About Mamie & Weaver’s ULTRA
Mamie and Weaver’s Ultra is a monument to the legacy of Mamie and John Weaver, specializing in the presentation of time-based media, performance, and community engagement in West Philly.
It stands on the corner of Black and Beautiful, atop “Philadelphia’s Black Bottom”, celebrating the sights, sounds, energy, and pageantry of life around the way. The space engages in the preservation of a family’s legacy, a community’s history, and a neighborhood’s radical optimism. Inspired by artist and University of Pennsylvania professor Ken Lum’s, “Public Art Seminar” in 2013, Mamie & Weaver’s Ultra was conceived by Charles Hall as a monument to honor the legacy of Mamie and John Weaver, and the neighborhood of Belmont.
In the 50’s and 60’s, Mamie and Weaver owned and operated a store-front, dry cleaners called Ultra. She also worked with the City of Philadelphia Anti-Poverty Program, was a founder of Belmont Improvement Association, and a member of the Mountain Olive Baptist Church. Weaver worked for Atlantic Petroleum/Arco, also known as Sunoco. He was a loving gardener, incredible cook, king of the barbeque, and super fan of South Carolina State’s, Marion Motley. They were entrepreneurs, organizers, leaders and activists who could often be found supporting friends and neighbors on Lancaster Avenue.

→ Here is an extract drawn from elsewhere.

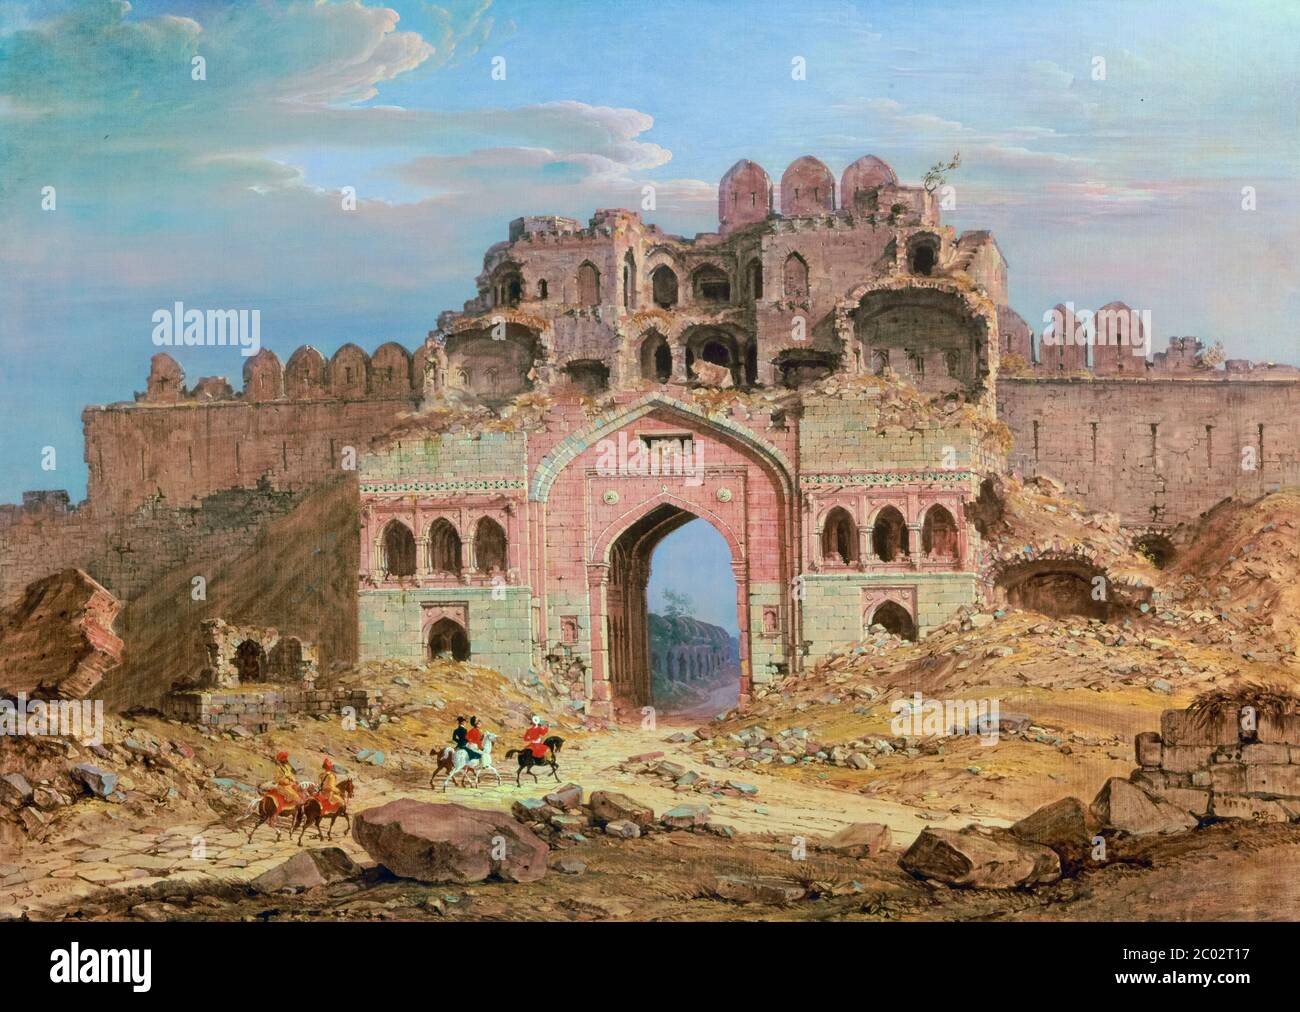 Inside the Main Entrance of the Purana Qila, Delhi, landscape painting by Robert Smith, 1823 Stock Photo

The space was designed to contribute to the spirit of the block by creating an artistic platform capable of hosting, generating, and participating in new conversations.
In 2018, For Freedoms 50 State Initiative put the gallery on the map. As a partner in their campaign, we moderated a town hall meeting, curated an exhibition, crowd sourced a billboard, staged a performance, and designed yard signs to inspire civic engagement.
During election years, Mamie & Weaver’s Ultra continues to host public facing, time based media exhibitions, created by and for a community of color, questioning ideas of power, nation, community, and self in the face of gentrification.